Matrix Resurrections has purged many rogue programs from its digital reality. Here’s why such a dangerous program as Smith lived to fight another day.
WARNING: The following contains spoilers for The Matrix Resurrections, now in theaters and streaming on HBO Max.
As Matrix resurrections resurrects Neo and Trinity despite their heroic sacrifices at the end of Matrix revolutions, the film also brings back the evil Smith. Once the most powerful agent in the Matrix, upholding the will of the Machines and stalking every active freedom fighter in the digital world, Smith eventually became a thug before threatening both humanity and the Machines. While Neo and the Machines were apparently able to destroy Smith, although at the cost of Neo’s life, the unbalanced program returns in Resurrections and is quite close to Neo. Here’s why machines would risk dragging such an uncontrollable program back into the restarted array.

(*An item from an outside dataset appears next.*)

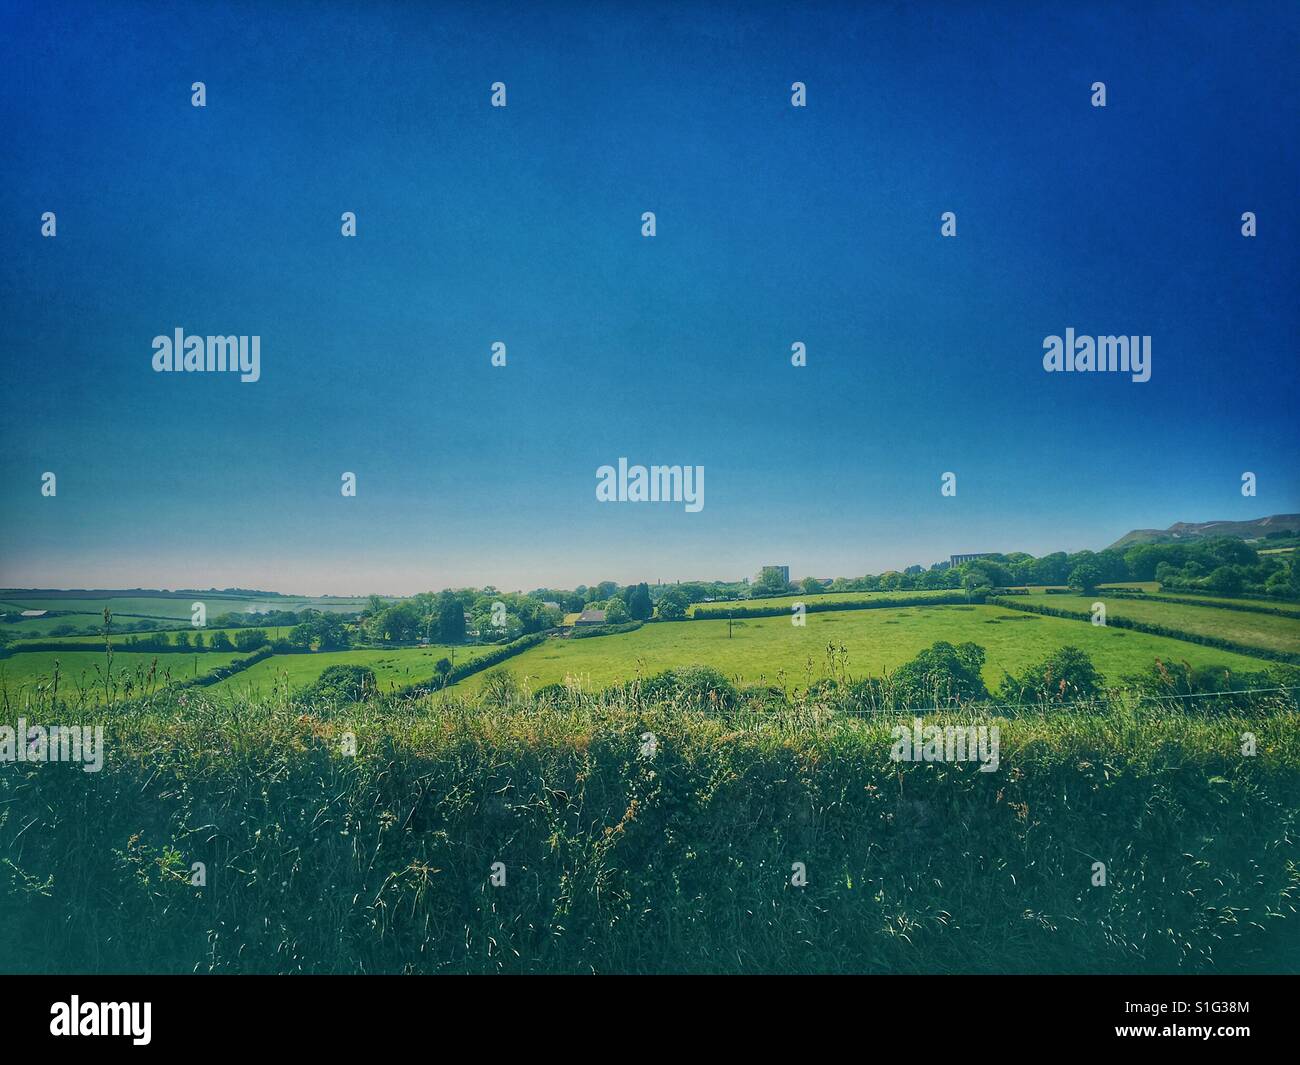 Scenic view of rural countryside in Cornwall UK with brilliant blue sky and lush green fields. Cornish landscape with vintage filter. Stock Photo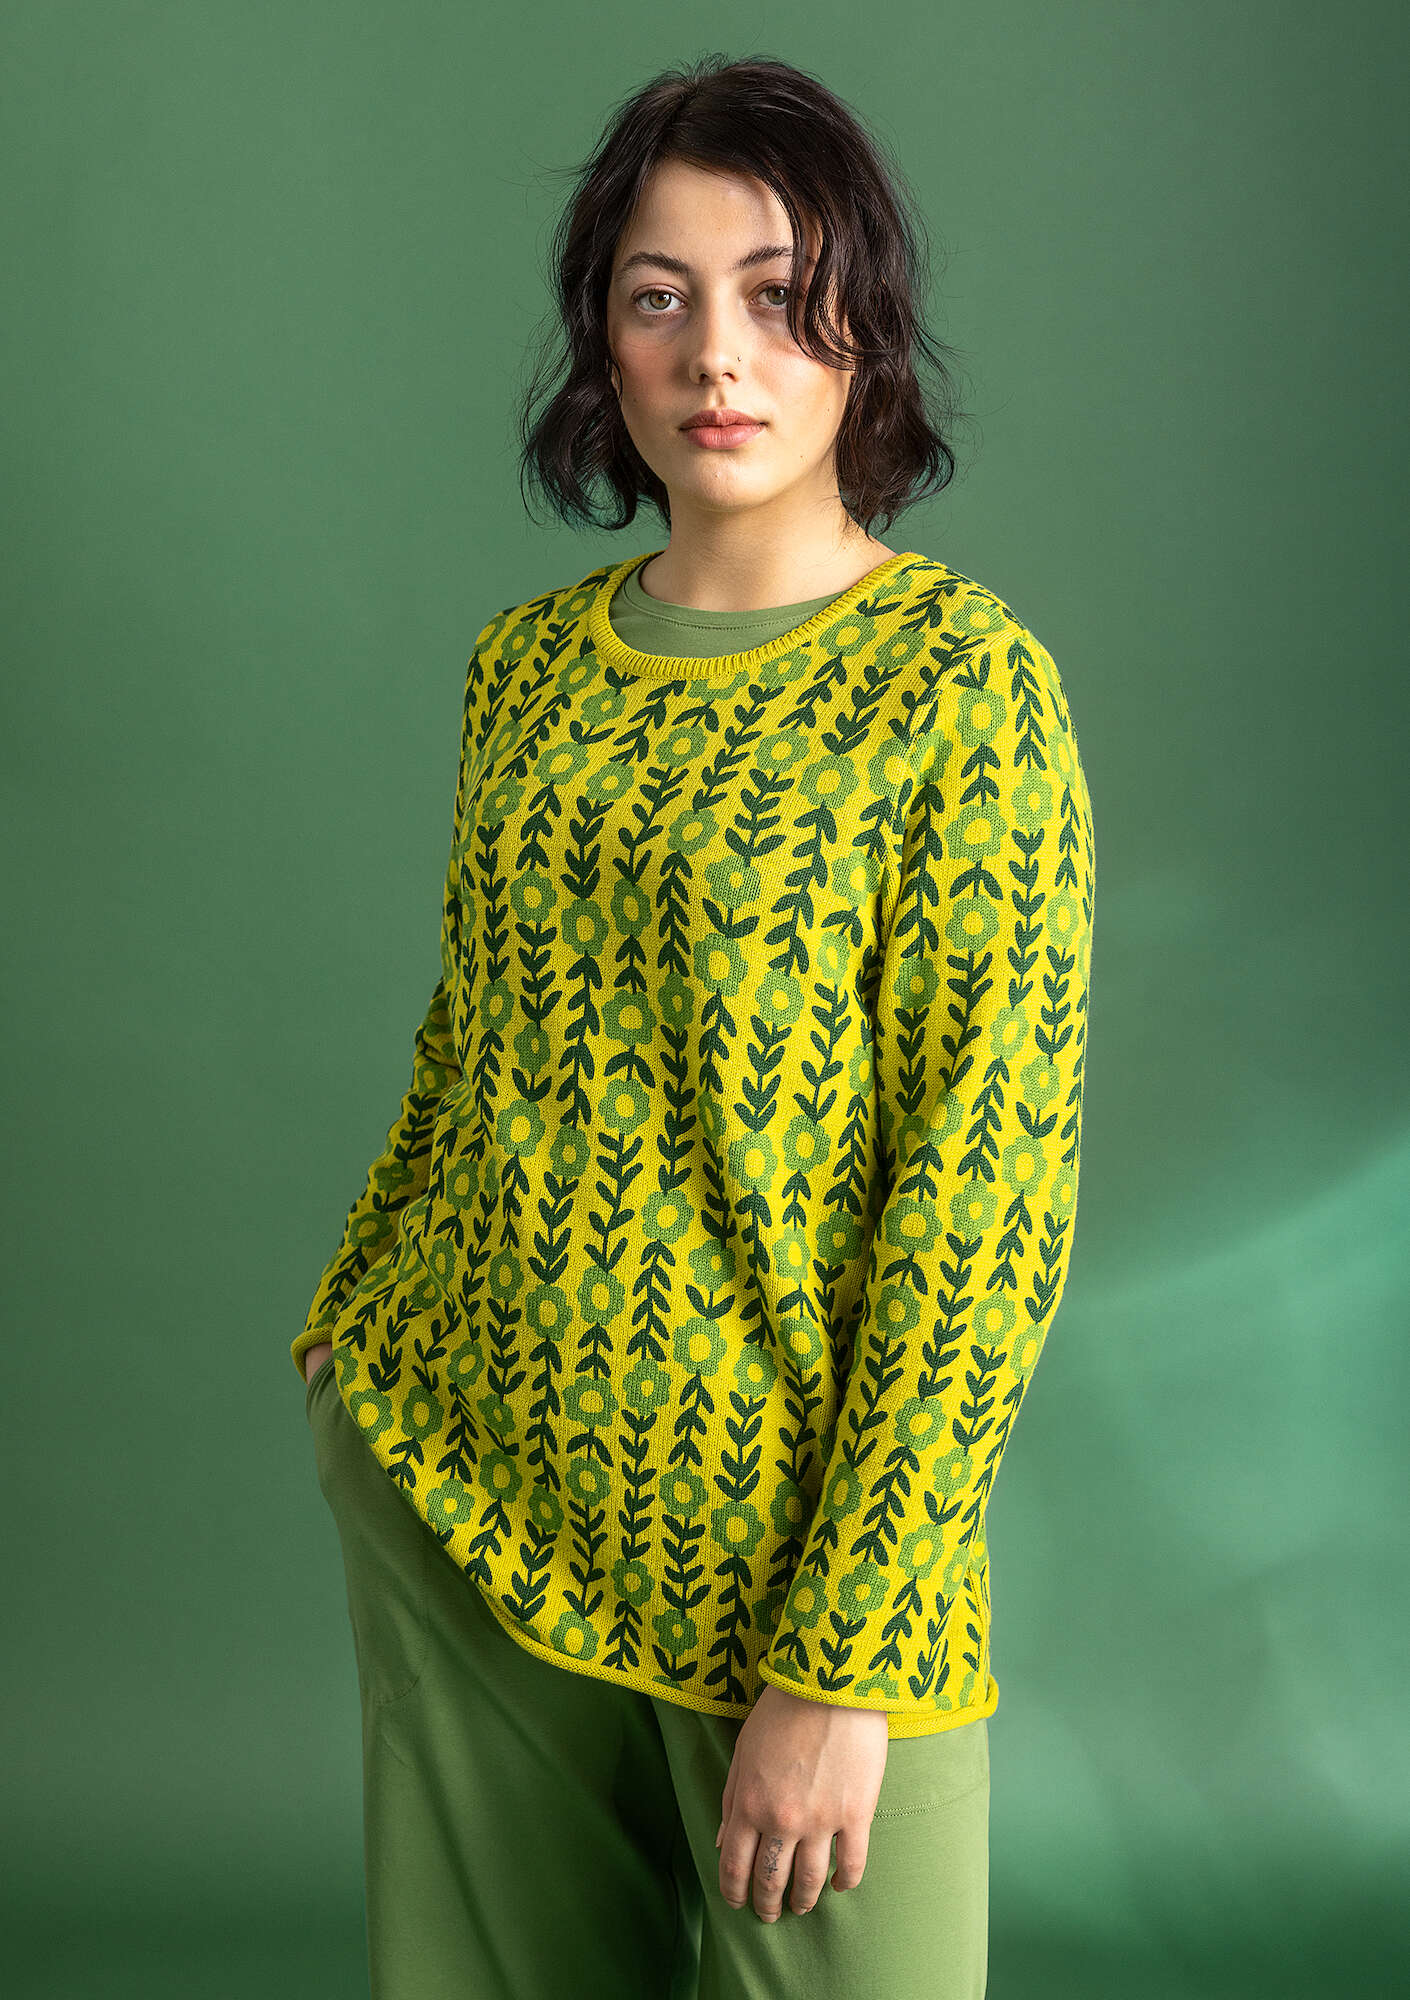 Jasmine sweater lime green/patterned

In Resurrections‘The Matrix rebooted, Neo is back to his civilian identity as Thomas Anderson, now a successful video game designer who has created a trilogy of hugely successful games, ignoring the truth behind his inspiration and past. Thomas works with Smith, a business partner who monitors his activities and tacitly forces him to create a new episode of the Matrix video game series. As new freedom fighter Bugs and a digital projection of Morpheus help Thomas rediscover his memories, Smith does too, recalling his past life as an exiled program and his long-standing feud with Neo, then becoming a fiercely thug again. However, with the Machines revealing that they purged most of the Exiles when they restarted the Matrix, it calls into question why Smith was allowed to survive.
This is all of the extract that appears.